Последний вечер в Политехническом был в ноябре 1956-го, я в это время, с августа, уже работал в Сибири, о вечере мне писали в Тюмень Глеб Семенов, Давид Яковлевич Дар и Саша Штейнберг. Саше показалось, что “вечер вышел хотя и интересным, но много слабее прошлогоднего — причины понятны…” (как раз в ноябре 56-го появилось подозрительное отношение властей к студенчеству, к “нездоровым настроениям” в его среде: после венгерских событий). “…Самым резким был на вечере Ленька. Он вообще сейчас по праву первый человек в объединении…” А Давиду Яковлевичу, как он написал мне, на этом вечере из наших больше всего понравились Горбовский и Гладкая, из остальных — Бобышев и Еремин.

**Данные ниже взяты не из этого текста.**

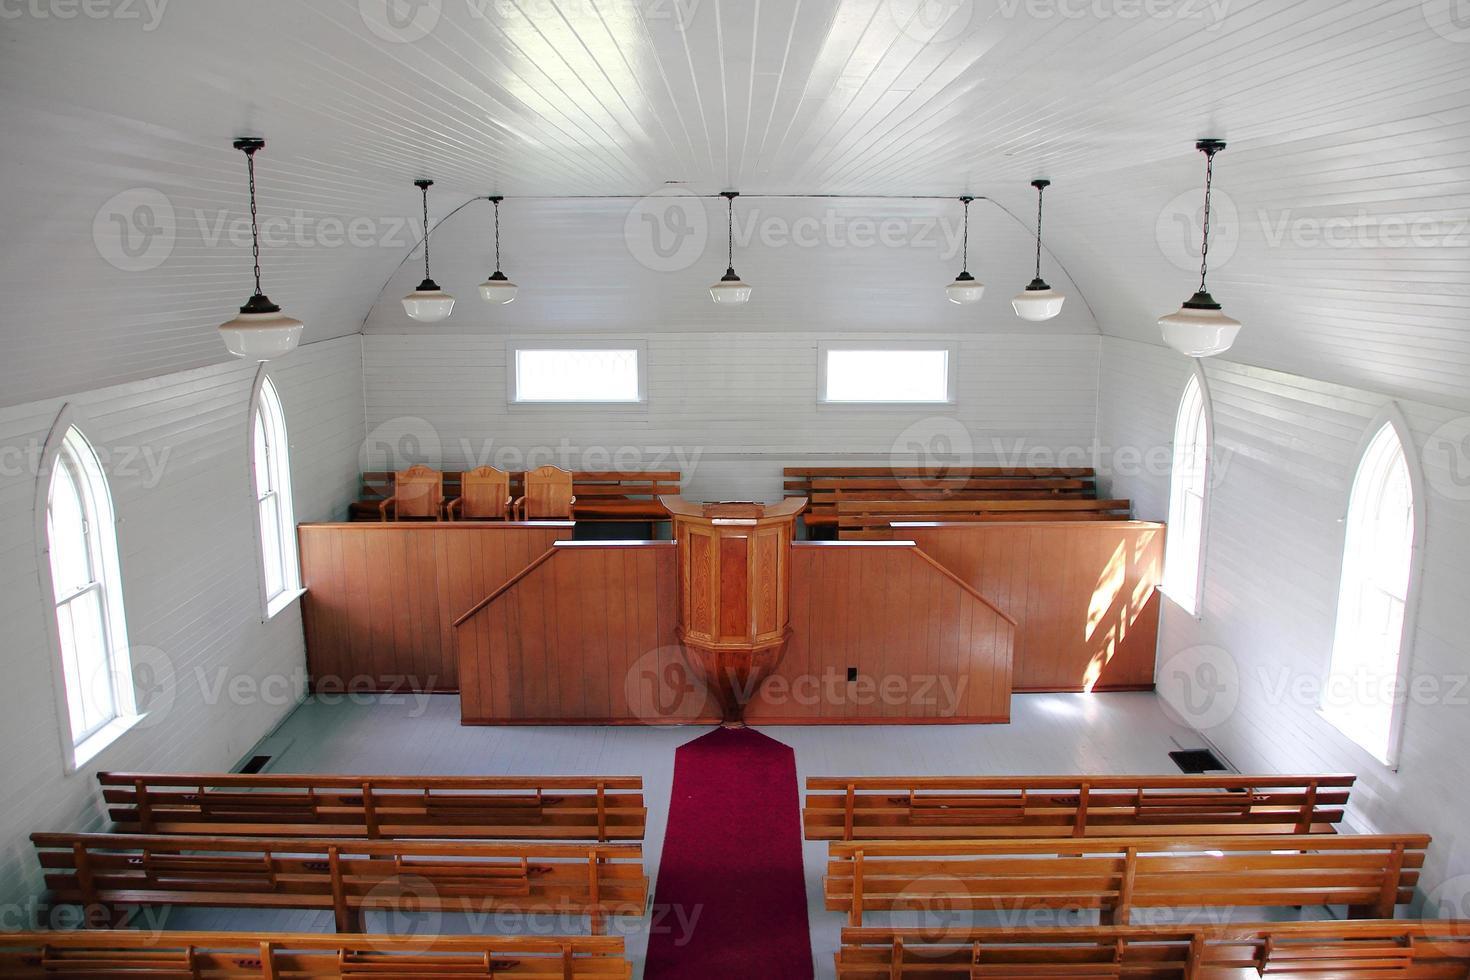 historische houten frame kerk foto

Начинающие поэты, группы, объединения появлялись в те годы как грибы после дождя. Нашу дружную команду горняков выделяла среди всех остальных уже сама горняцкая форма, она делала нас заметными. Заметными для людей любого возраста.

— Ваши э-по-леты!.. — мечтательно произнесла поэтесса Елизавета Полонская, когда меня представили ей, в ноябре или декабре 1954-го.

— Вот только в мое время, — вспомнила она, — на таких эполетах было не три буквы — что это у вас написано? что это должно значить? — а одна буква “Е”: Горный кадетский корпус назывался Екатерининским!..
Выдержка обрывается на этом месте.